There were differing patterns in α-diversity for the Mount Clarke study area. From 2004 to 2019, evenness decreased but there were fluctuations in dominance and diversity (Shannon index). However, disentangling dynamics of species richness and α-diversity has proven difficult and led to mixed conclusions (Britton et al. 2009; Ross et al. 2012). In response, diversity profiles were used here as they embody various α-diversity metrics and dynamics through time. These profiles more effectively encapsulate multifaceted ecological processes driving vegetation dynamics in response to climate change, such as upslope migration, leading or trailing edge range dynamics, localised extinctions, competition and densification (Rumpf et al. 2018, 2019; Porro et al. 2019). Across all summits, diversity was greatest in 2019, but this can largely be attributed to increasing species richness, as denoted by the larger area under the diversity profiles at low α values. Conversely, α-diversity was lowest in 2011, which may due to the dominance of competitive species following a pulse of recruitment at the end of the millennial drought (Venn and Morgan 2009). The second highest summit (CL2) displayed the greatest increase in α-diversity, which was largely driven by 19 new species from 2004 to 2019. Excluding this summit, diversity dynamics seem to follow a trend with elevation, similar to the findings of Porro et al. (2019). The greatest loss of α-diversity over the 15 years occurred at the highest summit (CL1), followed by the third highest summit (CL3), while the two lower summits became more diverse. The loss of diversity over time at higher elevations may be explained by the combination of upslope migration of more thermally-tolerant plants (Artemov 2018; Steinbauer et al. 2018) and the in-filling and expansion of competitive species resulting in densification (Cannone and Pignatti 2014; Rumpf et al. 2018).

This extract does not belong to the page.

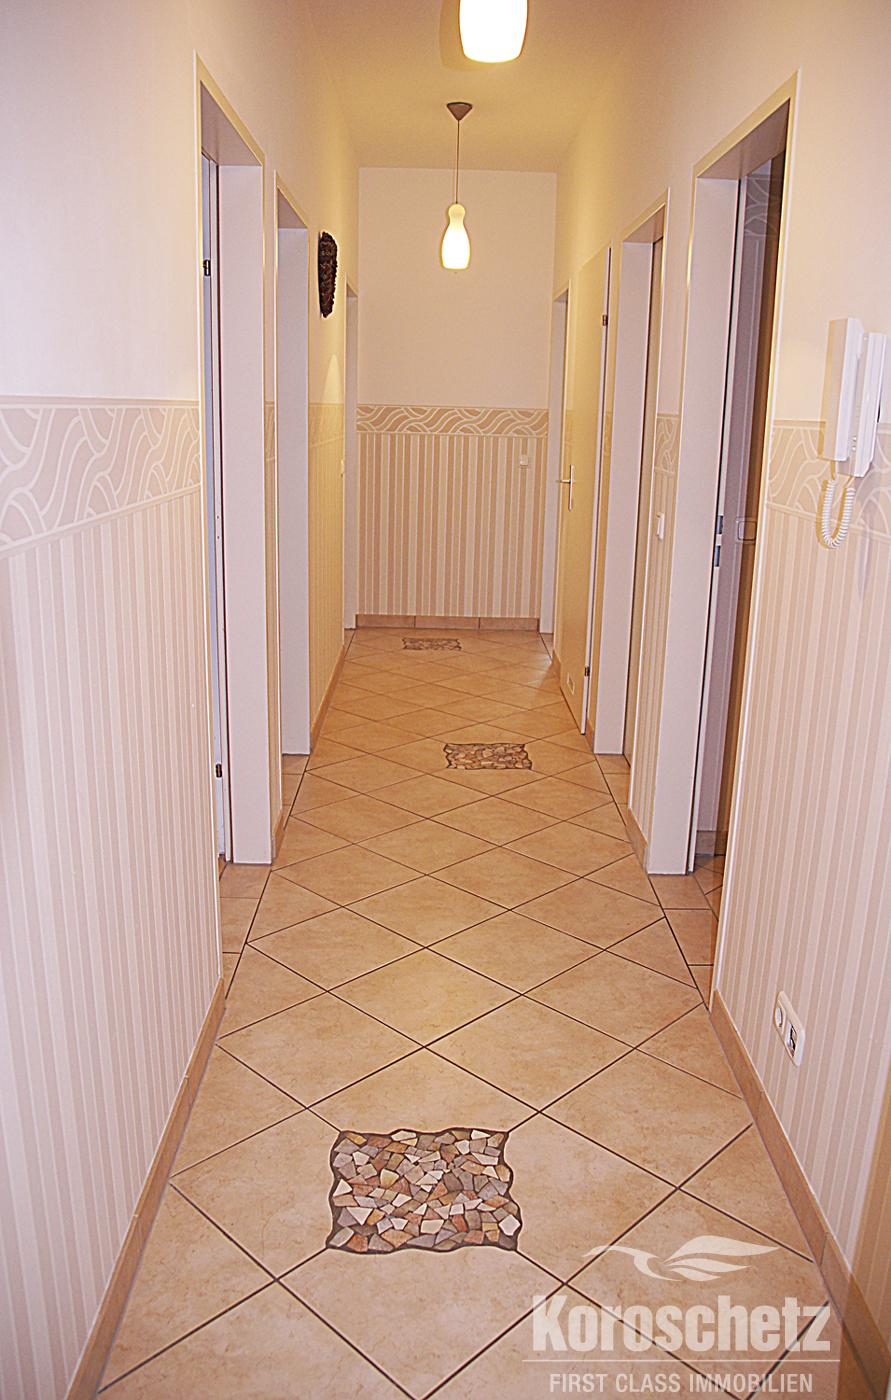 elegante eigentumswohnung mit seeblick immobilien koroschetz. Black Bedroom Furniture Sets. Home Design Ideas

Considering β-diversity, the decline in the values of ‘pairwise βSIM’ through time indicates biotic homogenisation across the study area. These results are similar to those for northern Apennines summits in Italy (Porro et al. 2019), but β-diversity is yet to be investigated for other GLORIA summits. Biotic homogenisation is ongoing for the Mount Clarke study area and was first detected in the lower sections of summits in 2011, but appears to have now progressed upslope to the upper sections potentially demonstrating the influence of elevation on climate-induced vegetation dynamics (Artemov 2018; Rumpf et al. 2018; Smithers et al. 2020). The upper sections were less affected by upslope migration and densification, but over the 15 years there was a strong homogenisation signal, demonstrating the importance of longer-term monitoring (Walther et al. 2005; Alexander et al. 2018; Futschik et al. 2020). The dynamics in β-diversity are mostly attributed to species turnover rather than shared species or nestedness, as indicated by the greater values of ‘multiple-site βSIM’ (Baselga 2010). Several species were replaced but few were lost from the study area, which is similar to changes documented on Italian summits (Porro et al. 2019) and is consistent with previous assessments of the same summits (Venn et al. 2012).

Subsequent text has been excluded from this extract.